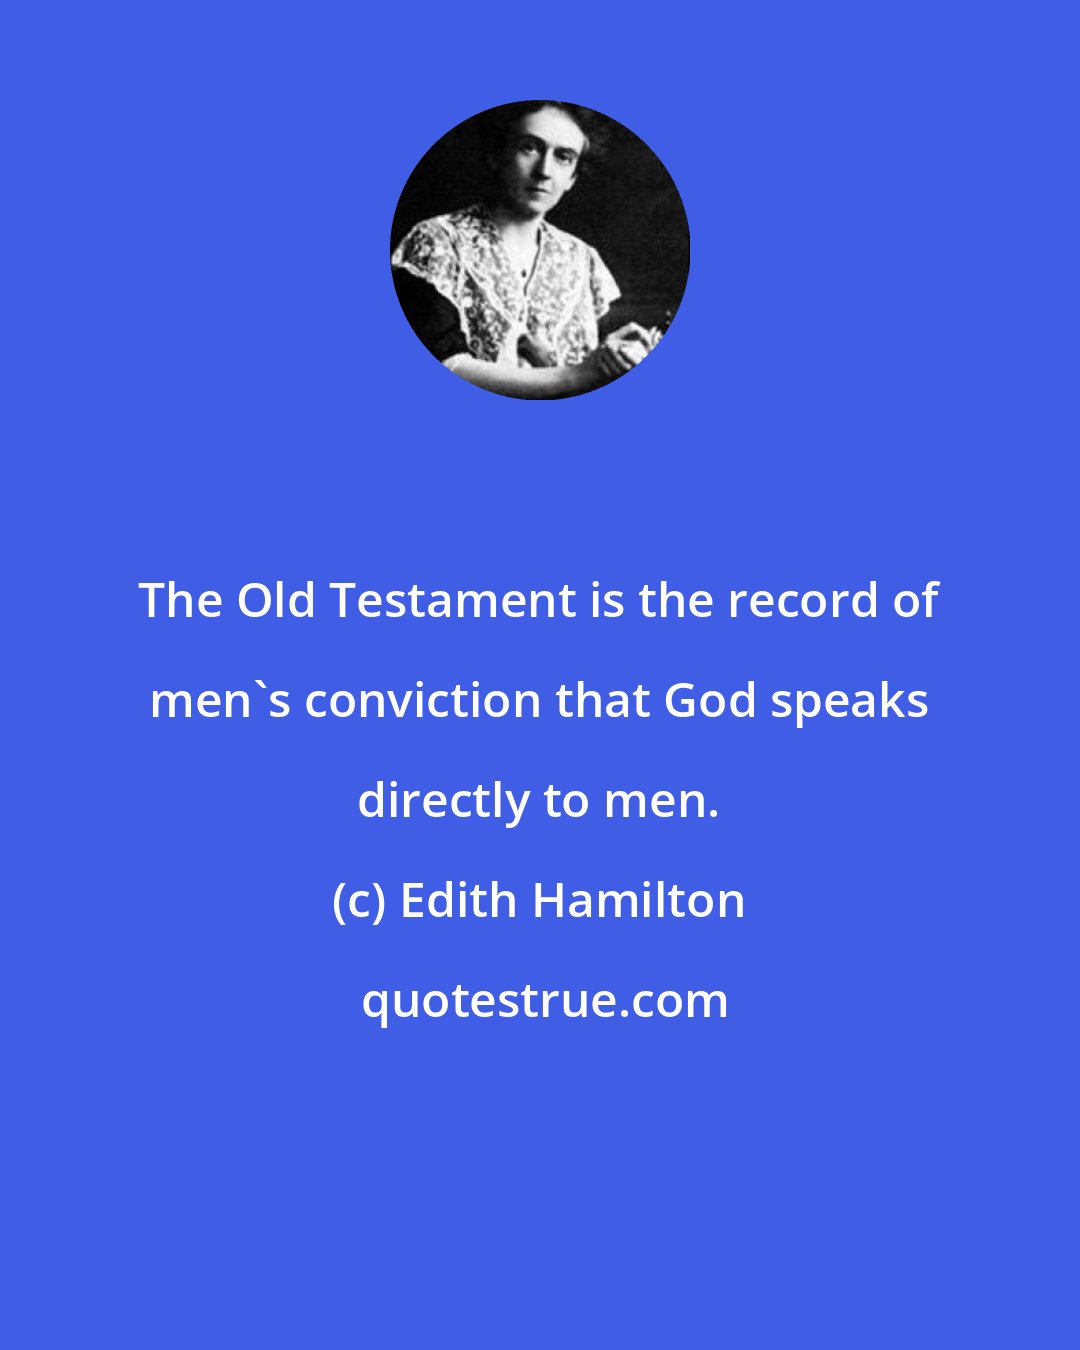 Edith Hamilton: The Old Testament is the record of men's conviction that God speaks directly to men.
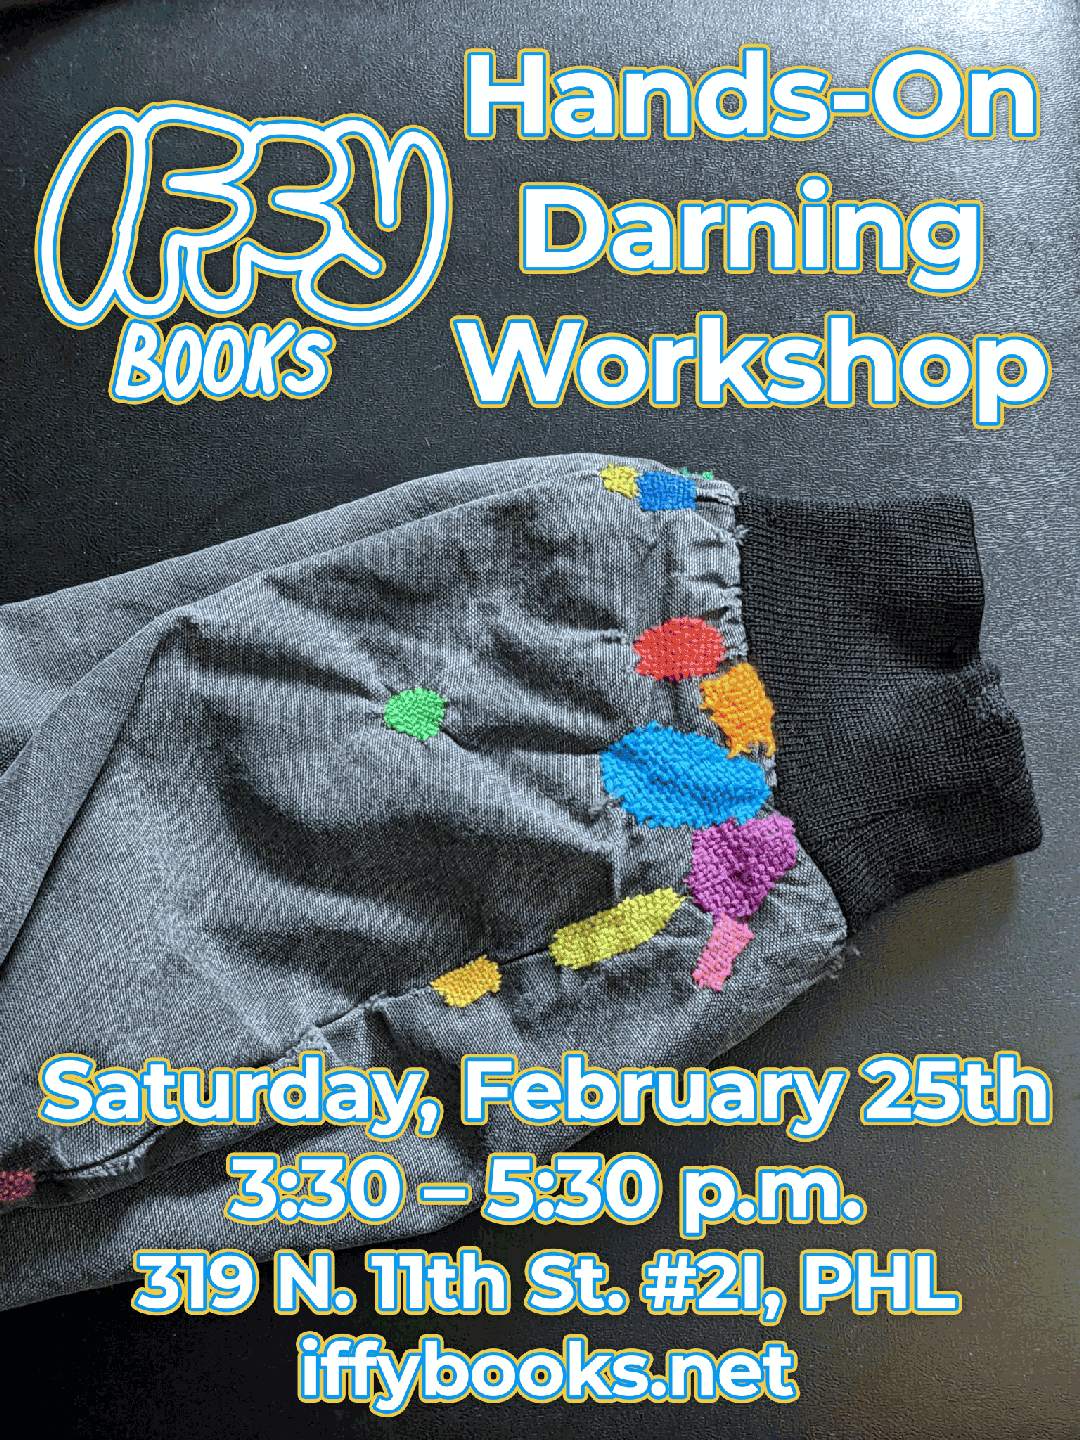 Flyer with a photo of a jacket sleeve, with about a dozen darned repairs done with colorful thread. The text reads as follows: Iffy Books Hands-On Darning Workshop Saturday, February 25th 3:30 – 5:30 p.m. 319 N. 11th St. #2I, PHL iffybooks.net
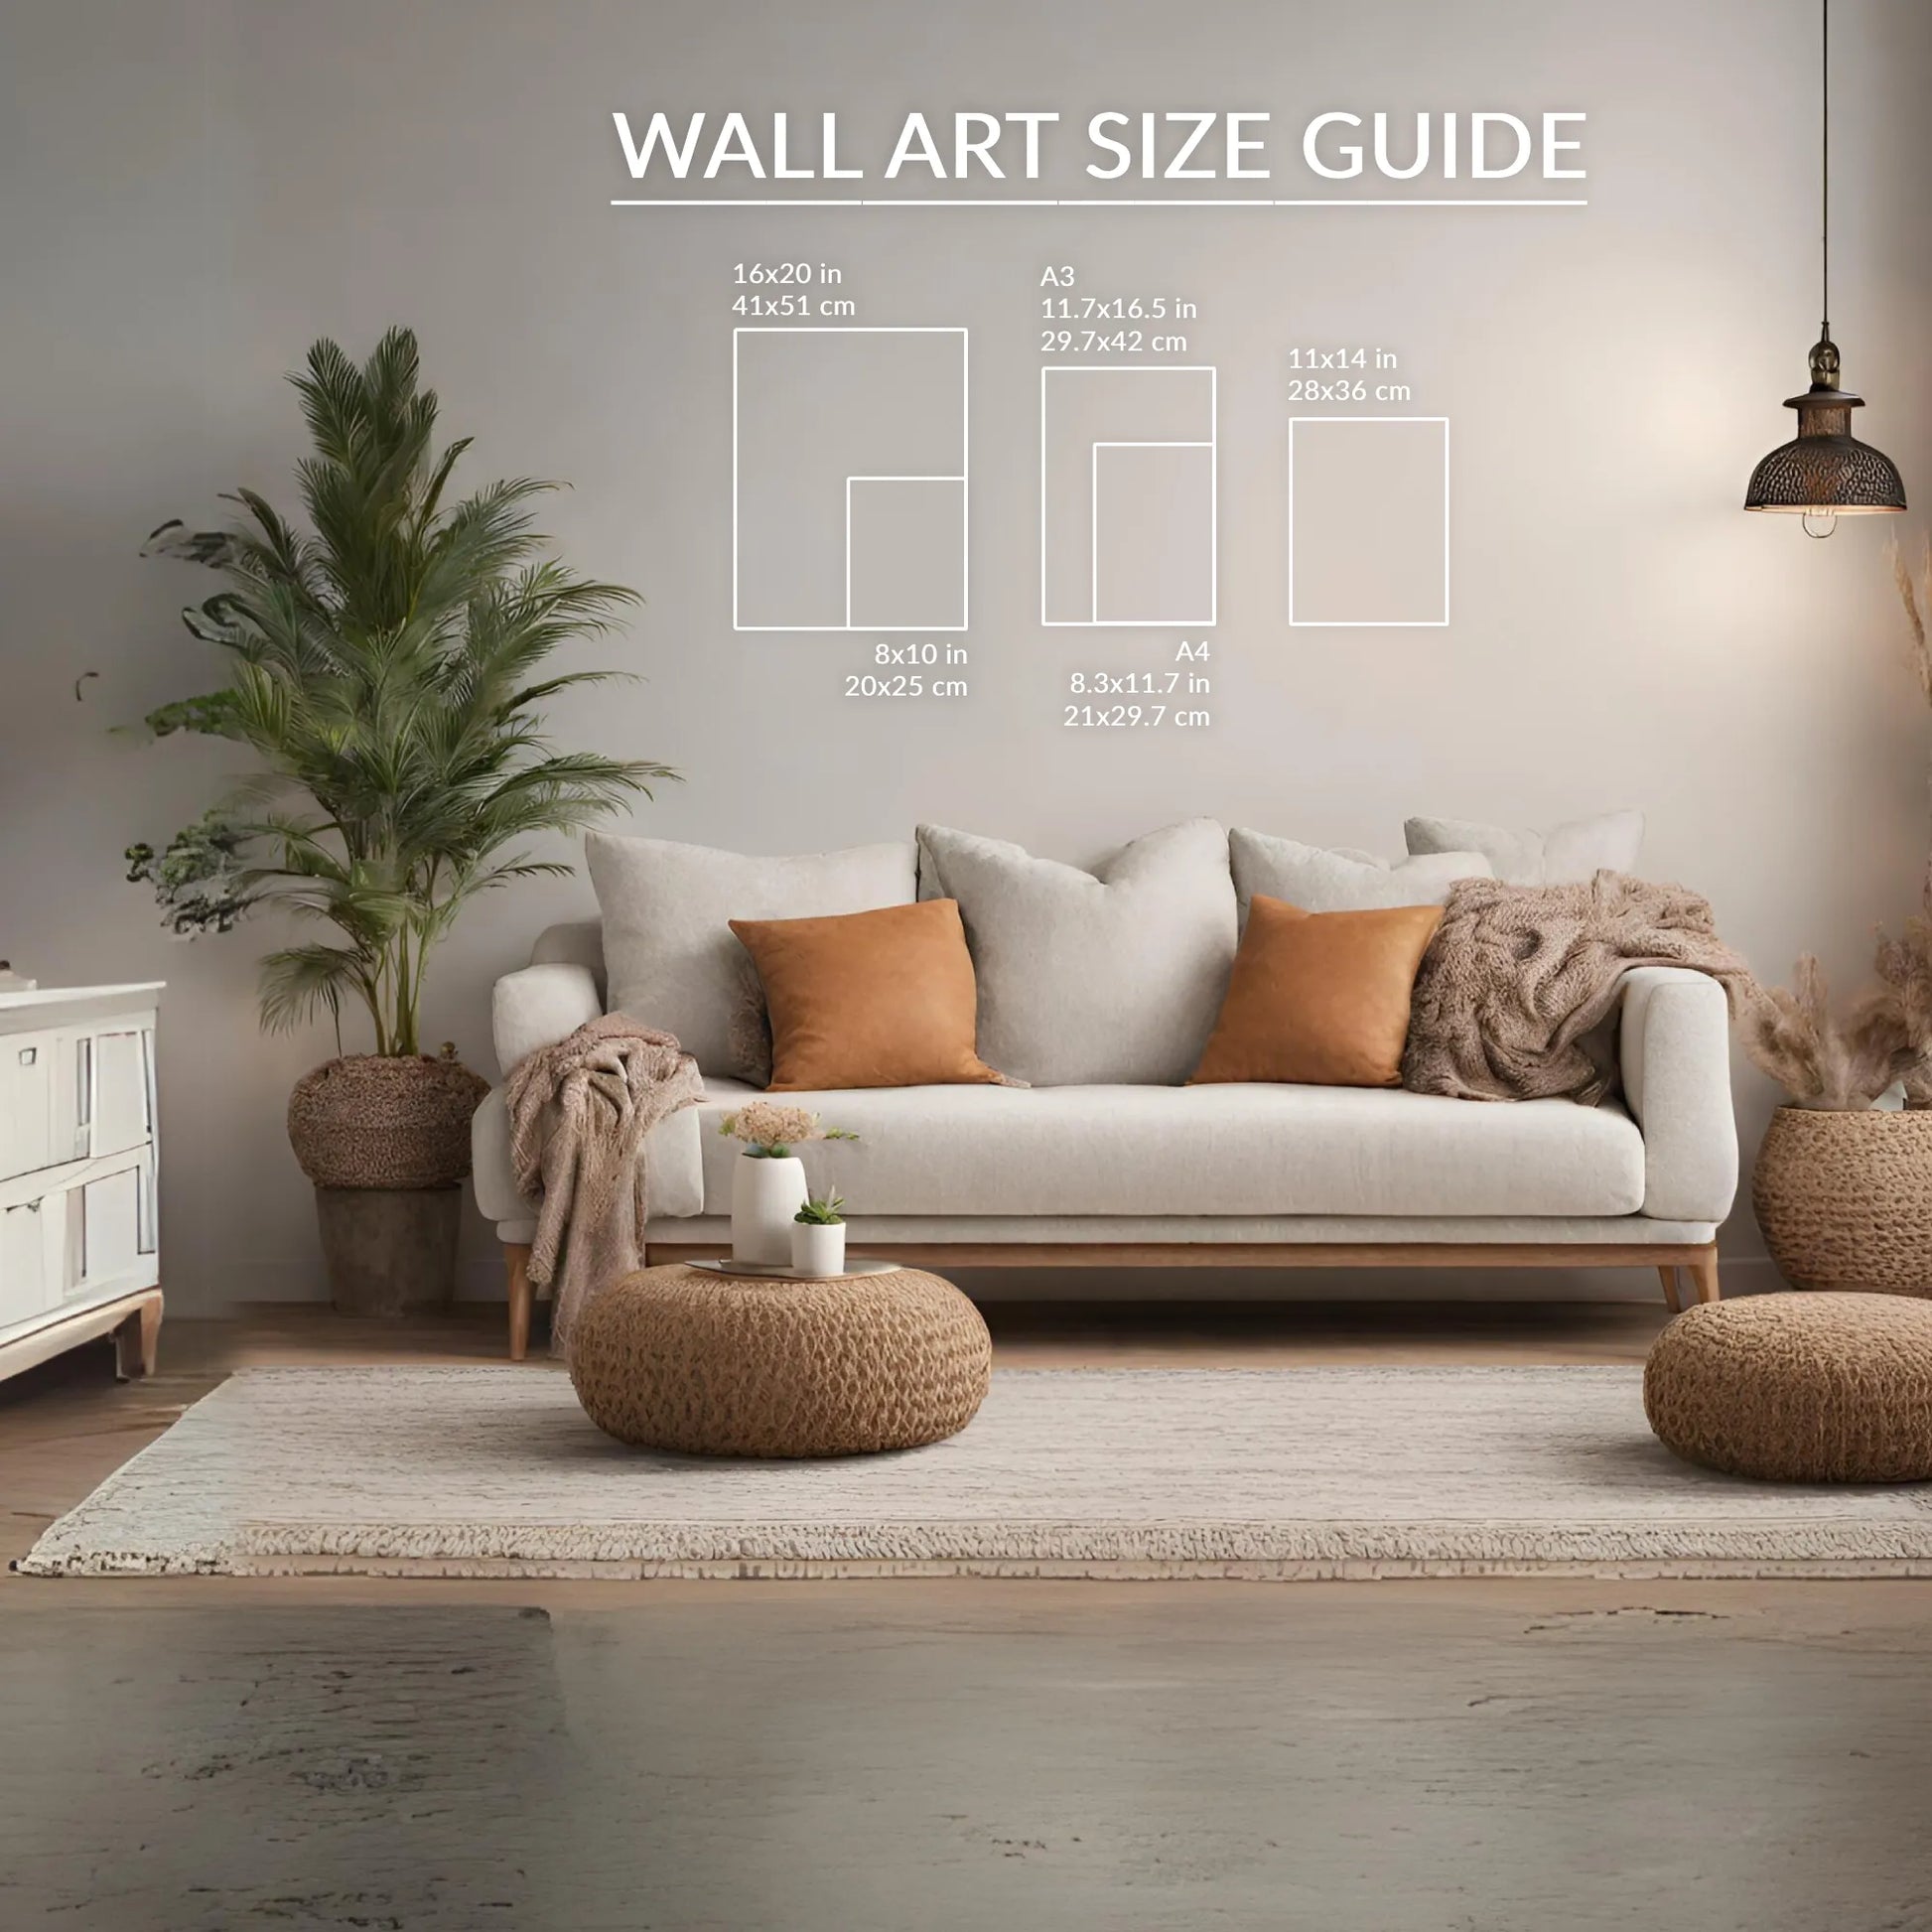 Editable Photo Collage Template Wall Art Size Guide

+++

An exact transcript is required, covering the lines from the one containing "Flyer with a" through the end of the listing above, inclusive, without pictures.

 Flyer with a photo of a jacket sleeve, with about a dozen darned repairs done with colorful thread. The text reads as follows: Iffy Books Hands-On Darning Workshop Saturday, February 25th 3:30 – 5:30 p.m. 319 N. 11th St. #2I, PHL iffybooks.net
 Editable Photo Collage Template Wall Art Size Guide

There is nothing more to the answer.